I am working on a Cloud Technology project and need to delete a specific "folder" within an S3 bucket using a Python script. Since S3 is an object store and not a file system, I am struggling with the Boto3 syntax to remove a prefix and all the objects under it. Is there a way to perform a bulk delete, or do I have to iterate through every single object key manually to clear the directory?
3 answers
To delete a folder in S3 via Boto3, you must remember that S3 is a flat structure. A "folder" is just a zero-byte object ending in a forward slash or simply a prefix shared by other objects. To delete it, you first need to list all objects with that prefix using list_objects_v2. Once you have the list of keys, you can use the delete_objects method to remove up to 1,000 objects in a single batch request. This is the most efficient way to handle cleanup in Software Development and Cloud Technology workflows. If you have more than 1,000 objects, you will need to loop through the pagination.
Does your S3 bucket have versioning enabled? If it does, simply deleting the object won't actually free up space; it will just create a delete marker, leaving the old versions intact in the background.
The easiest way for small folders is using the high-level s3.Bucket.objects.filter(Prefix='folder_name/').delete() method. It handles the batching logic for you automatically behind the scenes.
I agree with Linda.

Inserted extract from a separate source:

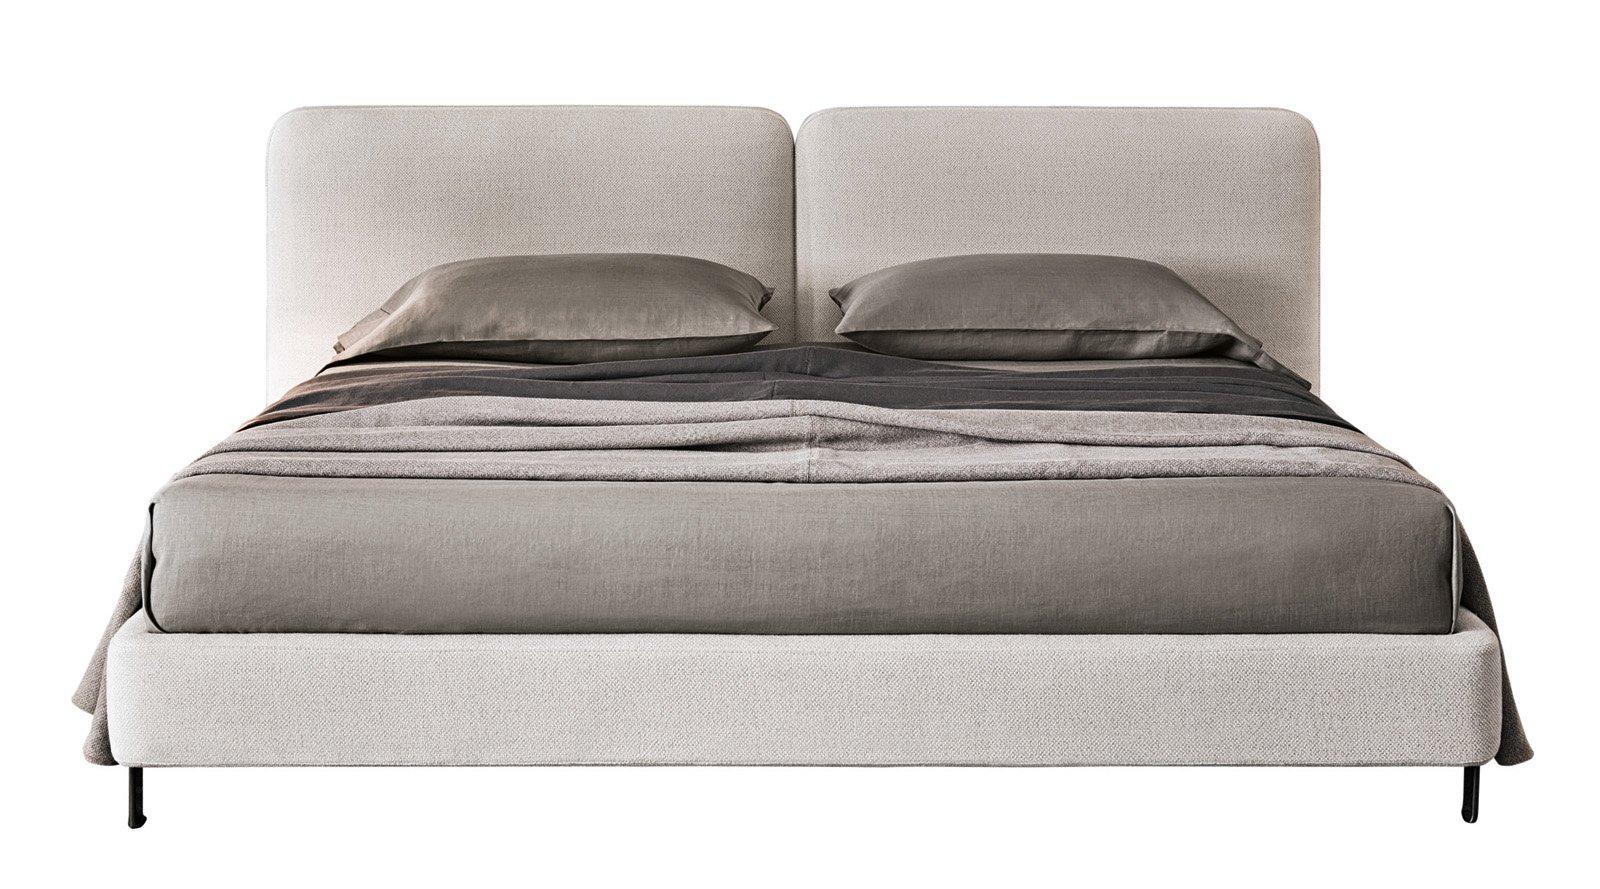 Cuscini testata letto online - Cuscini testata letto ...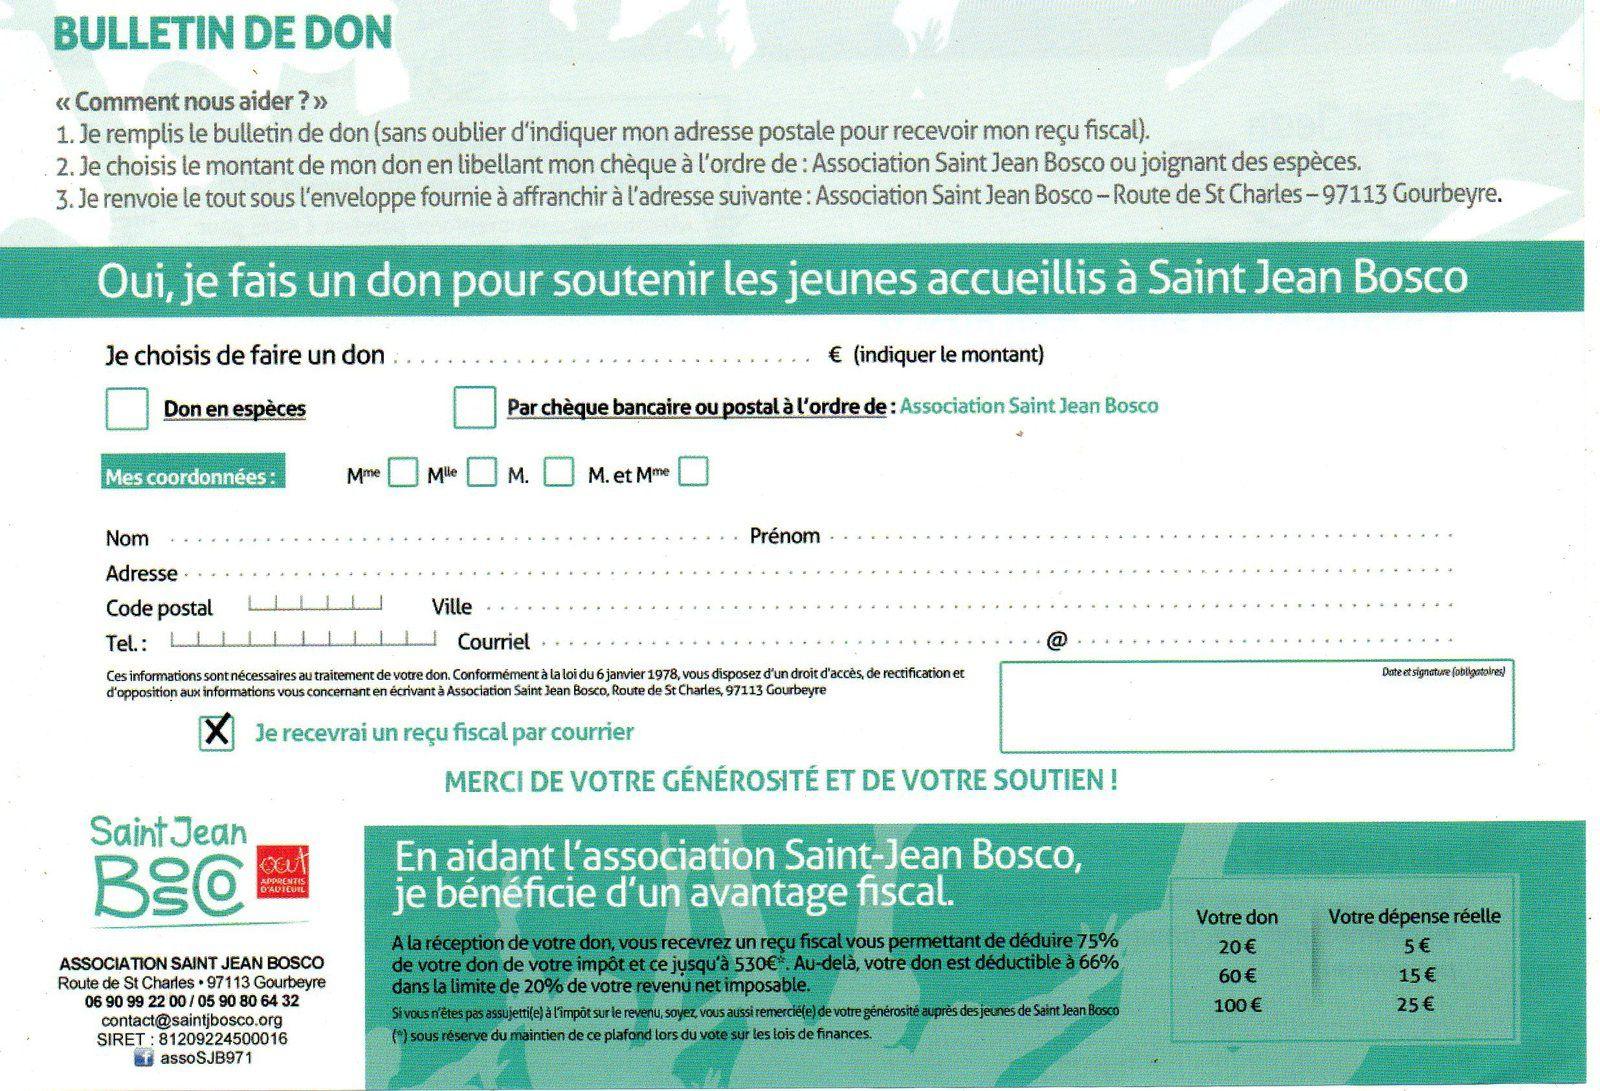 Le retour en Guadeloupe de l'Association Saint Jean BOSCO. La nécessité de la soutenir.

The resource-level API in Boto3 is much more "Pythonic" and saves you from writing the manual loop for the delete_objects batching, which is perfect for most Cloud Technology tasks.
Michael, thanks for bringing that up! I checked, and versioning is indeed enabled on our production bucket. To truly "delete" the folder, I found I had to iterate through the object_versions instead of just the objects. My script now targets version_id to ensure those hidden files aren't hanging around and inflating our AWS bill. It's a crucial distinction for anyone working in Cloud Technology to understand before they start writing cleanup scripts.